--- ENTRIES SHOWN Enclosed Below ---
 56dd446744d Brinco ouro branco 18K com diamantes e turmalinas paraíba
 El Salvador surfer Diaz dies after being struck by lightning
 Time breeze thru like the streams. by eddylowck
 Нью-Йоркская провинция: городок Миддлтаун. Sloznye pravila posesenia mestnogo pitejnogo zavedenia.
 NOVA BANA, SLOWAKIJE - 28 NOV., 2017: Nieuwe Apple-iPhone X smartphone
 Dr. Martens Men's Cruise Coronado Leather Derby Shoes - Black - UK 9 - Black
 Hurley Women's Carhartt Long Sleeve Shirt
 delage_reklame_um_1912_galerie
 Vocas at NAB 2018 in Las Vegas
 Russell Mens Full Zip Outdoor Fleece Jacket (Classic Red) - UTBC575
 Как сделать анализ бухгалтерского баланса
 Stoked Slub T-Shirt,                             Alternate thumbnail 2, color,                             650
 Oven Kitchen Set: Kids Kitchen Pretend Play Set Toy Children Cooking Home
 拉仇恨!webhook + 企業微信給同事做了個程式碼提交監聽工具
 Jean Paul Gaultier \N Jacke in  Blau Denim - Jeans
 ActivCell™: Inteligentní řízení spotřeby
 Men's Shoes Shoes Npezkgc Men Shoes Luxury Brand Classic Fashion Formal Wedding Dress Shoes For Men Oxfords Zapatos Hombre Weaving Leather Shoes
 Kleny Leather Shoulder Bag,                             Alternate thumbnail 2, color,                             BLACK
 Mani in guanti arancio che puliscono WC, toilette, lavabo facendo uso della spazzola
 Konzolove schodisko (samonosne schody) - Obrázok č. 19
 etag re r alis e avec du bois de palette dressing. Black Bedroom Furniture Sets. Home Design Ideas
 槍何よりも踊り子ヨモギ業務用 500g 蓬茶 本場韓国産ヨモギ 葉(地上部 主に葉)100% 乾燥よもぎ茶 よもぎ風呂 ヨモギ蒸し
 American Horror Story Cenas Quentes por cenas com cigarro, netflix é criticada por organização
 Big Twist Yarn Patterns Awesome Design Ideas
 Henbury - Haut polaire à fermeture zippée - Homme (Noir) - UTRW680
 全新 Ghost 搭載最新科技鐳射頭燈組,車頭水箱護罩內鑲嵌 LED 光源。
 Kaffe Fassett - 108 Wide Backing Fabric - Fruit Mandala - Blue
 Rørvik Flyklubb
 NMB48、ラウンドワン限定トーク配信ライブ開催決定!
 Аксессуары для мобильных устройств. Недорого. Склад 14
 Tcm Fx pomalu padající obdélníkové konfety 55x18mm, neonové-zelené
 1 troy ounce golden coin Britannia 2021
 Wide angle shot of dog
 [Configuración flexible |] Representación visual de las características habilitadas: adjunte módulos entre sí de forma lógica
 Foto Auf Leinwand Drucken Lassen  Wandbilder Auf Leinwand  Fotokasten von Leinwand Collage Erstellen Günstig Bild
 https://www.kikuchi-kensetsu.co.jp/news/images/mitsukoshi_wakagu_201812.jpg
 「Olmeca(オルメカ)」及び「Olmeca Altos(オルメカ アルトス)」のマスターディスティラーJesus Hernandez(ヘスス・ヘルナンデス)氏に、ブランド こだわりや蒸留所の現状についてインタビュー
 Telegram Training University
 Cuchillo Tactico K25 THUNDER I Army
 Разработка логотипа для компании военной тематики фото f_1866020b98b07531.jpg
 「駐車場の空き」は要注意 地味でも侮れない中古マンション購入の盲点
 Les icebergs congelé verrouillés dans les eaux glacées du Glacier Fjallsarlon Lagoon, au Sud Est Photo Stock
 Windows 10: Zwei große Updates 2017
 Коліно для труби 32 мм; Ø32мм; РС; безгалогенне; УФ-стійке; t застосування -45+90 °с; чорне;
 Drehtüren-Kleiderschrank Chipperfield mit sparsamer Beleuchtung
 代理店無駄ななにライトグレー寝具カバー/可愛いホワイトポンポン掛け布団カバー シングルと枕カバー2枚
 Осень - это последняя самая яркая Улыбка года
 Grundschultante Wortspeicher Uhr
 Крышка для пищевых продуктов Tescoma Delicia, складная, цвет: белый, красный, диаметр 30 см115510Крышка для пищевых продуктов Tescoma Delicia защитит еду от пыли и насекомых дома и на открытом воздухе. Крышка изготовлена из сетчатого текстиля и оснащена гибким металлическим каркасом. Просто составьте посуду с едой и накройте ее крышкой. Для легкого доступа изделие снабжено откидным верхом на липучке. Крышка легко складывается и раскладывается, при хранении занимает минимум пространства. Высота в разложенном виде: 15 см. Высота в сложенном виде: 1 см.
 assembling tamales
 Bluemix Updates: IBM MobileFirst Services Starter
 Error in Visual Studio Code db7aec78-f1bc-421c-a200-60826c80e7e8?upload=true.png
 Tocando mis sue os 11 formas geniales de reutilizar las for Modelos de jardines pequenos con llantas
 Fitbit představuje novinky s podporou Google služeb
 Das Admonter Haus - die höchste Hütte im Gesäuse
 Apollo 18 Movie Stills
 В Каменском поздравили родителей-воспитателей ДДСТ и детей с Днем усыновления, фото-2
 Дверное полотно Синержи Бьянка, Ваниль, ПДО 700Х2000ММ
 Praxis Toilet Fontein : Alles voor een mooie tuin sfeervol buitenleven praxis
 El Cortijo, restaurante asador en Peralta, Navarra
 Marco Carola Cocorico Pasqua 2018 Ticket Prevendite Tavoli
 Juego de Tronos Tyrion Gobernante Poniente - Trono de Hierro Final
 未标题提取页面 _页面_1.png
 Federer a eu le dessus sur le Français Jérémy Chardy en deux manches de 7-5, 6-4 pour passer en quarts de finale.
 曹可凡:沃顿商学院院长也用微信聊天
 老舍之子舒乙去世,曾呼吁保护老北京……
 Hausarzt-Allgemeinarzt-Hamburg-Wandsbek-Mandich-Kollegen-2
--- End of Enclosed ENTRIES SHOWN ---
Count the lines in the preceding entries that contain the string "Shoes", and state only the resulting number.

-- ANSWER AREA --
2